A friend told a story recently that she had been excited to share with some of her oldest and dearest friends that she was starting a new project and she invited them to lunch to tell them about it and include them in her enthusiasm. She was proud to be stepping out of her comfort zone to write her first book. To her surprise, their reaction was not exactly overwhelming. Their response was pretty much, “That’s cool. What are you going to order to eat?”
As she told this story, I completed related to how her heart felt by not having them share in her excitement or really offer any support or encouragement. As she sat in her car after lunch, she admitted it stung. She had wanted her long-time friends to be happy for her and have her back. It was hard not to be disappointed and have doubts.
Photo credit: Henrick Edburg
When I made the decision to get back into writing and share it with the world, it was intimidating! It took a truckload of courage on my part. What if it was a complete failure? What if no one read it? What if I wasn’t as good at writing as I always felt I was? What if……? So my approach was that I would give it a try with an audience of trusted friends and family. Of course they would support me because they love me, right? If it never went any further than that circle then I could accept and move on to other endeavors.
The big surprise for me was that the people I expected to embrace my new journey and propel me forward just…..didn’t. It wasn’t that I received criticism, it was that I received…..nothing. Please understand that this is not me laying a guilt trip. We can’t expect everyone in our closest circles to understand or love everything we choose to do. But I also can’t lie and say that it didn’t sting a little. It made me question what I was doing and created a whole mind swirl of doubts. It messed with my confidence and caused me to ask myself if I’d made a mistake for even trying. I had prayed about this. I took my time to let the idea either take hold or die. I felt guided to go for it. Now what? I wondered if this little dream of mine had been silly from the beginning.
Strangely enough, my reading audience began to grow with a ground swell from, believe it or not…..Twitter. People I had connected with on the social media site embraced my blog enthusiastically, leaving comments and sending me messages that what I had written touched them. They shared my site with their connections, they buoyed my spirits, they asked for more. I began to get readers from all over the world – I even had to provide a translate feature on my blog page. I took a chance and moved from my original blog site to another that was more writer and reader friendly. It was a risky move as you never know if your readers will follow. But follow they did, and I began gaining more and more subscribers. Someone who has a large following and who I have a lot of respect for endorsed my site. Other writers recommended my page on theirs. The number of views and subscribers leapt to all new highs. People started asking me for writing advice. Sometimes I have to pinch myself as this is way more than what I could have hoped for and certainly more than I ever expected.

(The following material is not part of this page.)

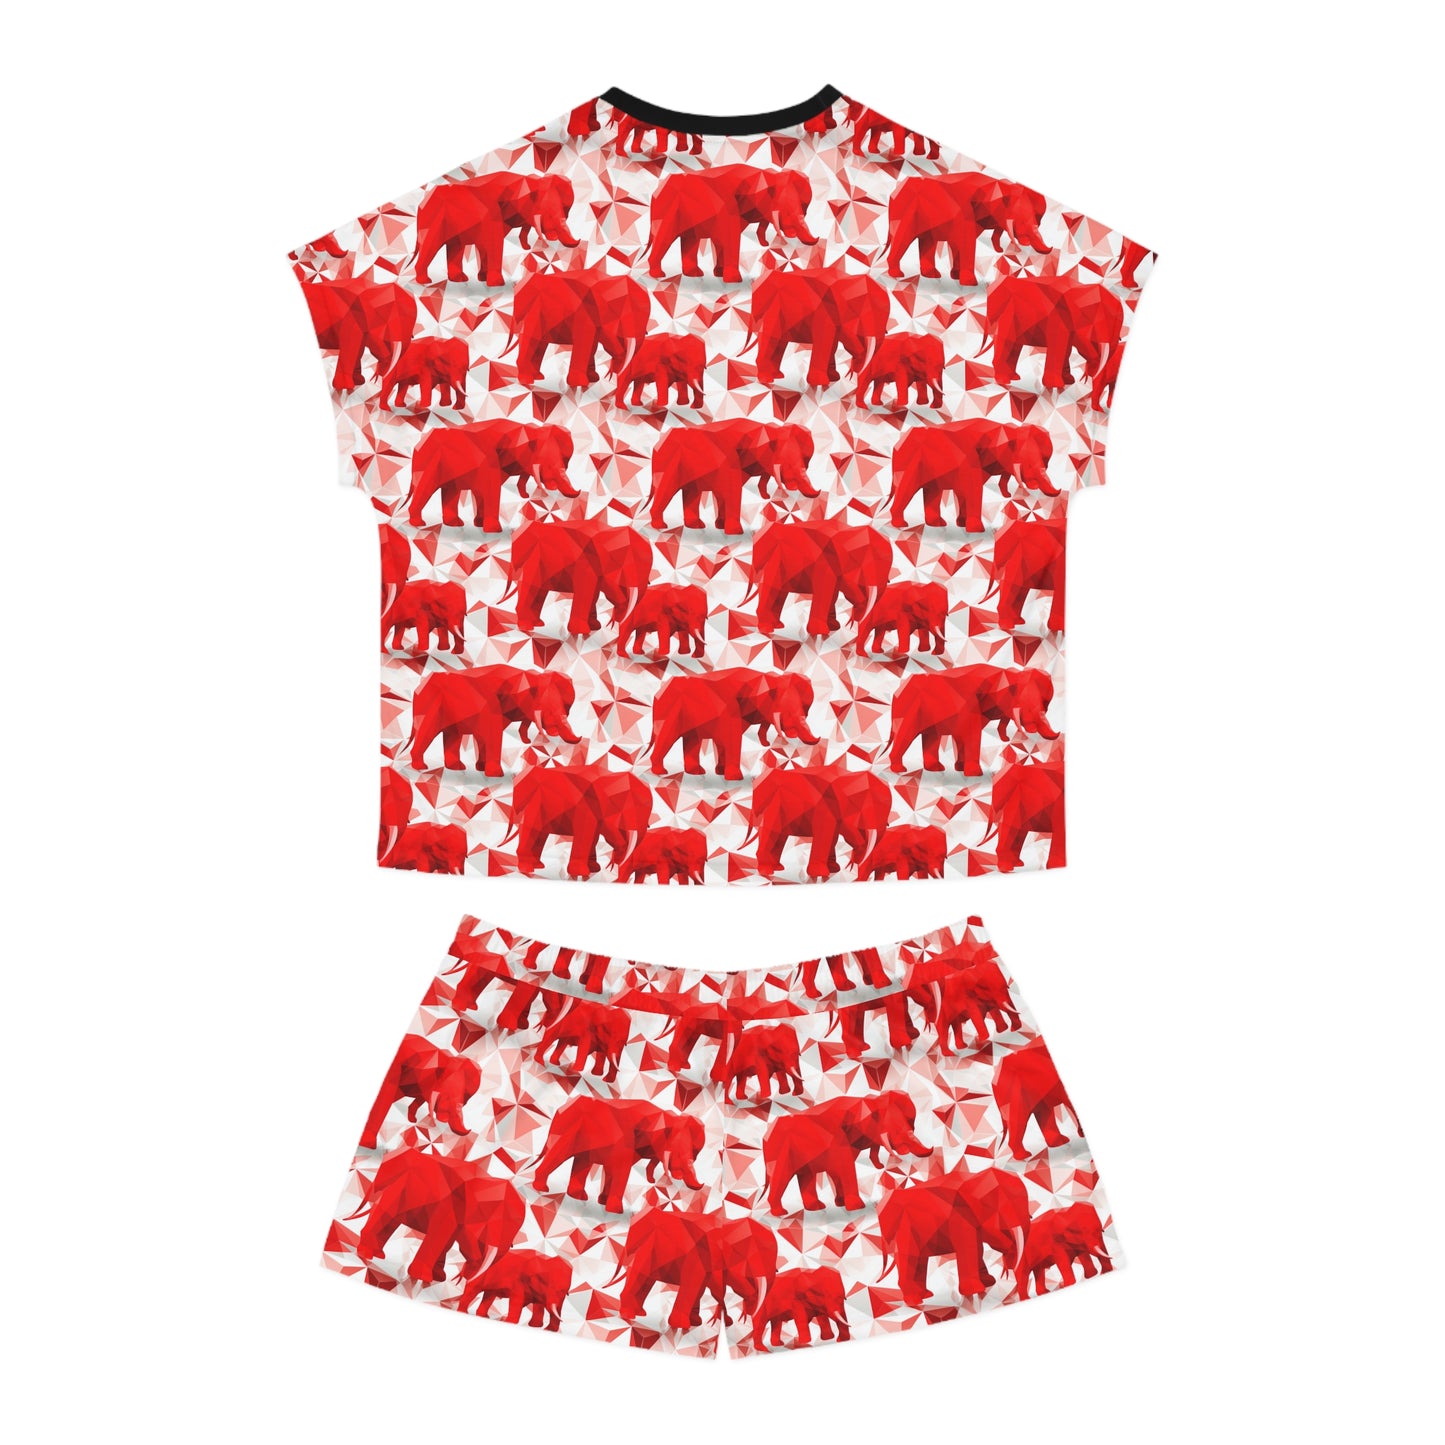 Elephants & Pyramids Women's Short Pajama Set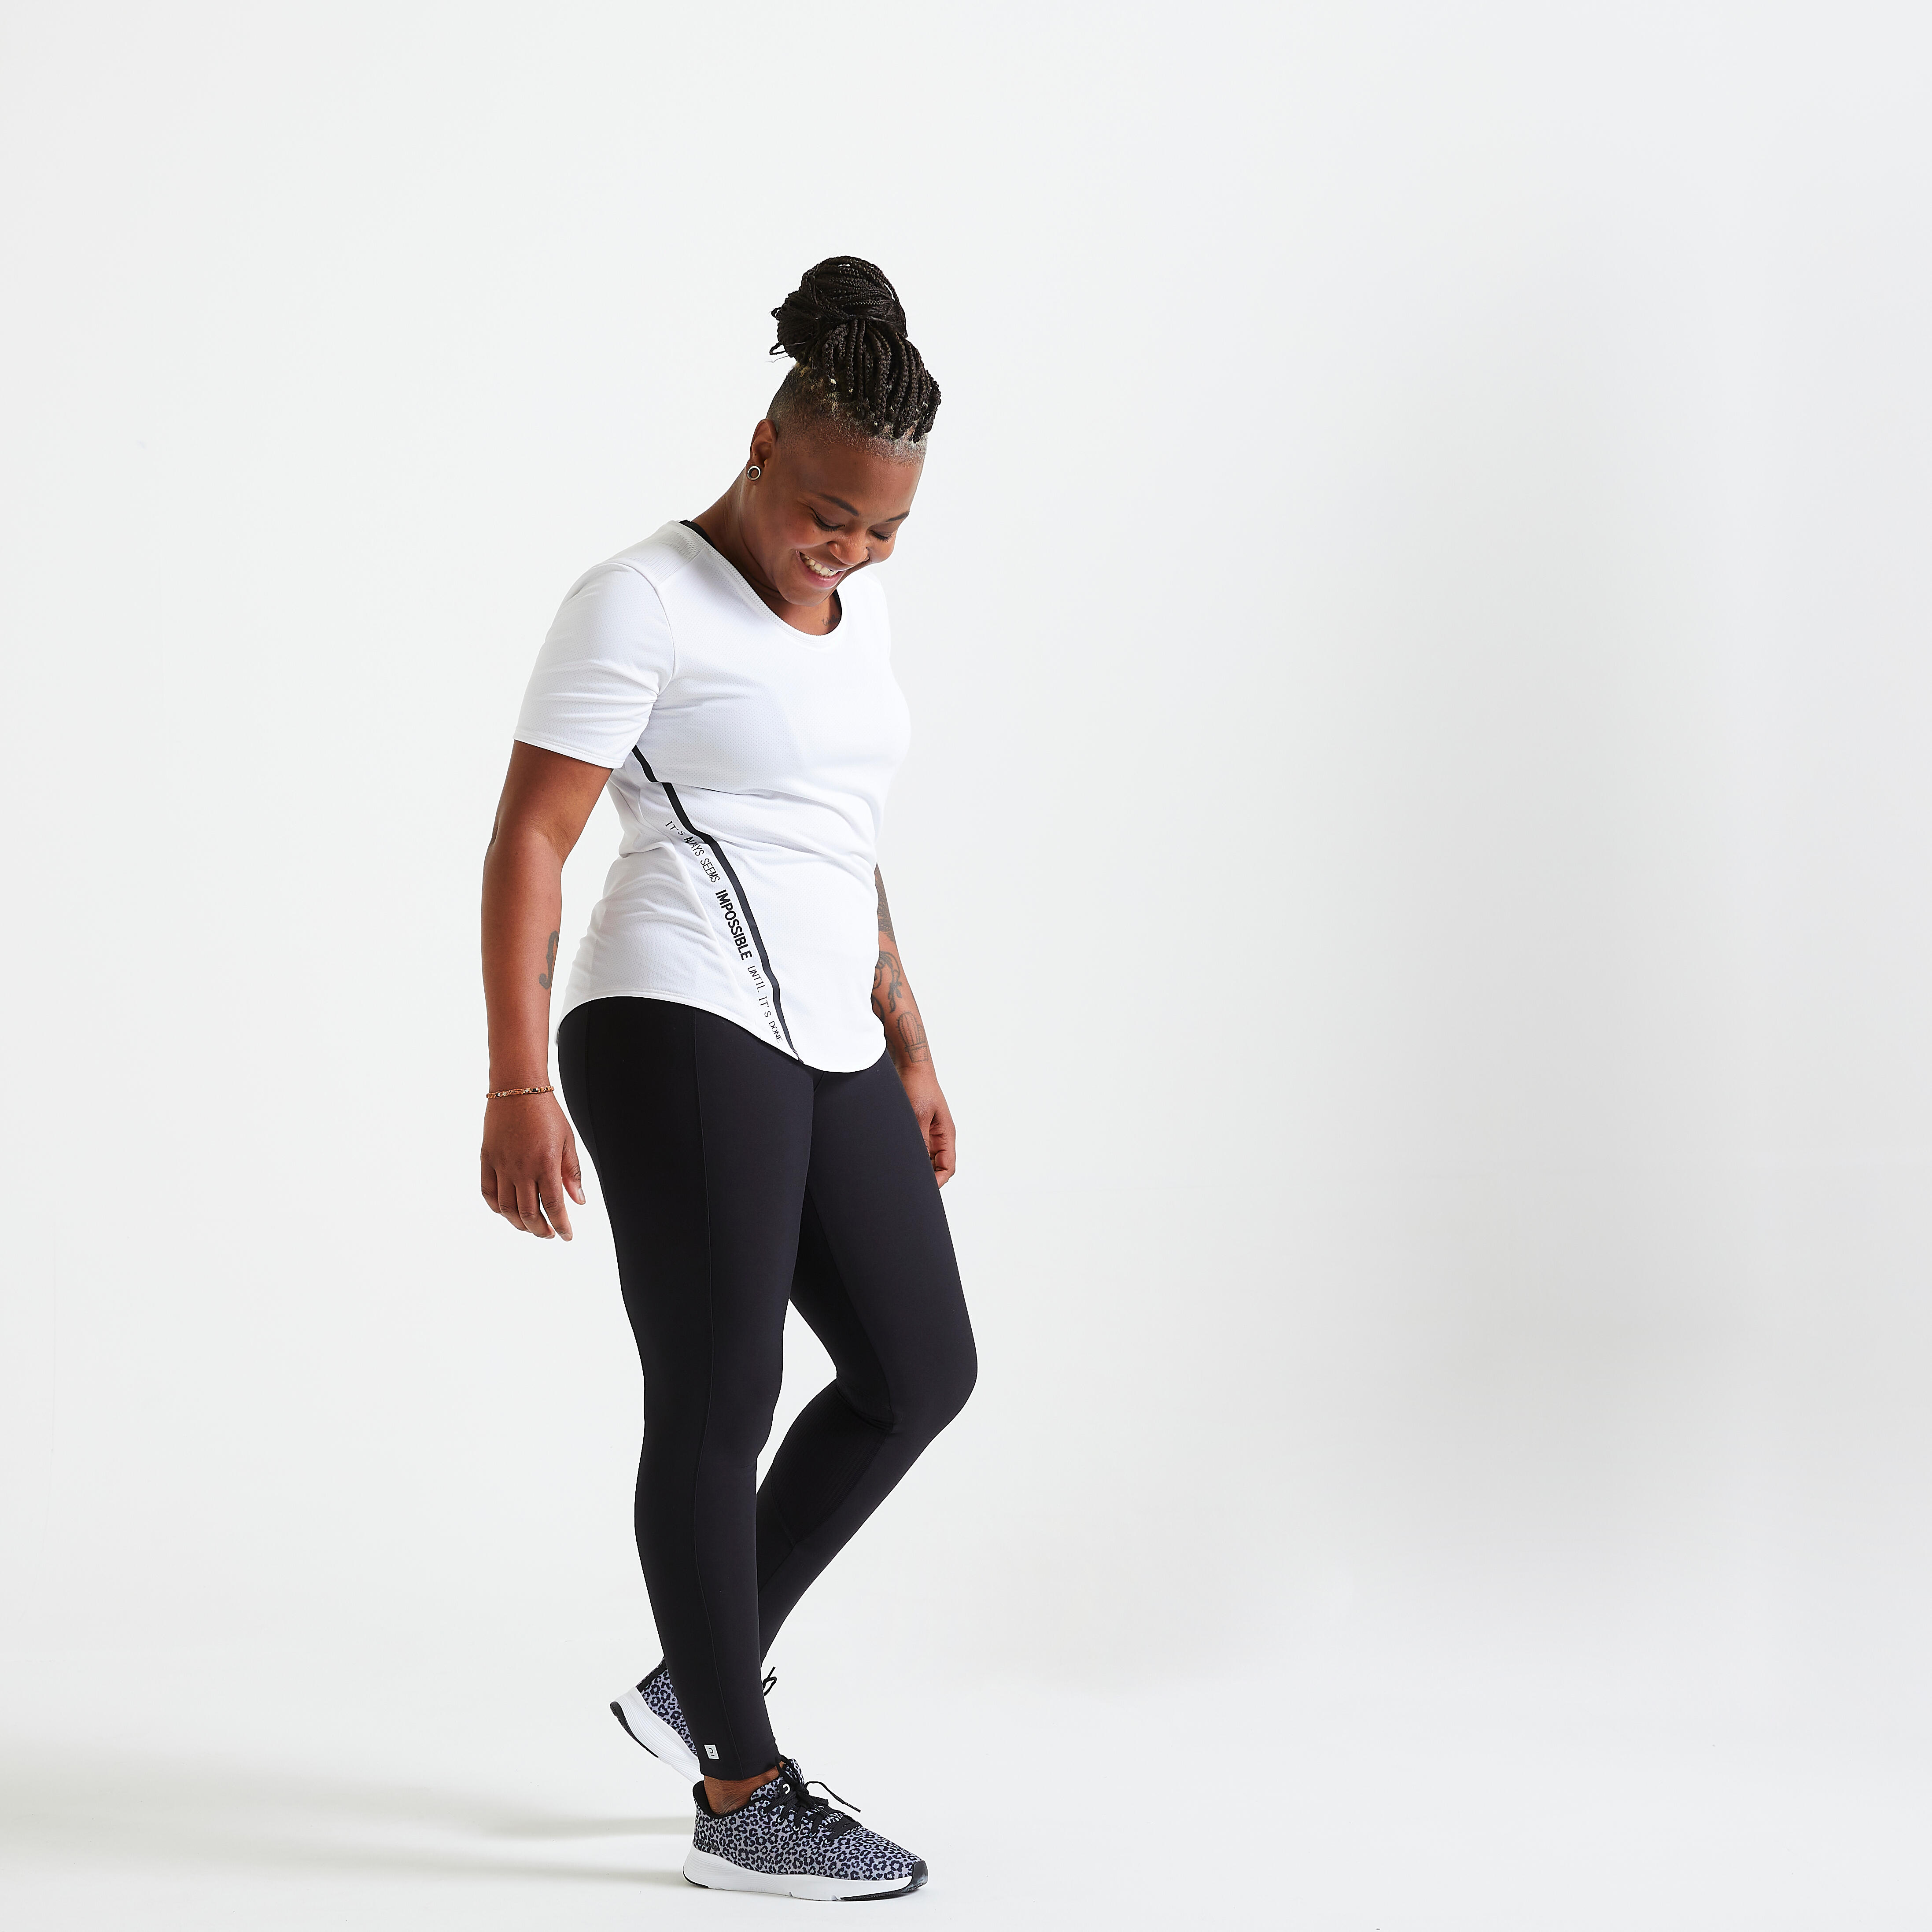 Legging de sport femme – FTI 120 noir - DOMYOS

The most important part of this story is not the people who didn’t embrace my dream. It’s that I sought God’s guidance, listened to my heart, took a big leap and it turned out to be something amazing that feeds my soul every day. Even though there were questions and stumbles along the way, I continued to trust that sharing my heart with people was what I was supposed to be doing. Reading the comments and messages I receive continues to fuel the inspiration that becomes my essays, poems and posts.
If there’s a lesson to be learned here, it’s that we shouldn’t look for our approval from other people. We should seek approval from God, honor our giftings, and trust our own hearts. It doesn’t mean all will turn out just as we hoped and dreamed. Sometimes we have to modify our expectations, pivot as needed, and try again. And sometimes things turn out far better than we could ever have imagined. Make 2023 the year you begin to believe in yourself and let your dreams have wings. You may have to adjust, reinvent, and start over, but don’t let the expectations of others undermine what your heart is telling you to do. It might just be one of the best things you’ve ever done.
Cathey, I am not a writer as you know but your writing always inspires me. You also encouraged me to write poems for the August challenge and was very supportive of the ones I wrote so much so that I ended up writing more once the challenge was finished. And surprisingly other people liked them as well. Like you I relied on hearing from God for the inspiration to write them.
I am so glad I’ve meet you in social media and I have learned so much from you. You told me to write from my heart not let fear gets in the way and I listen to your advice. You’re writing is amazing and been sharing it to my family and they too love reading it. Your a gifted writer and you love God as much as I do too.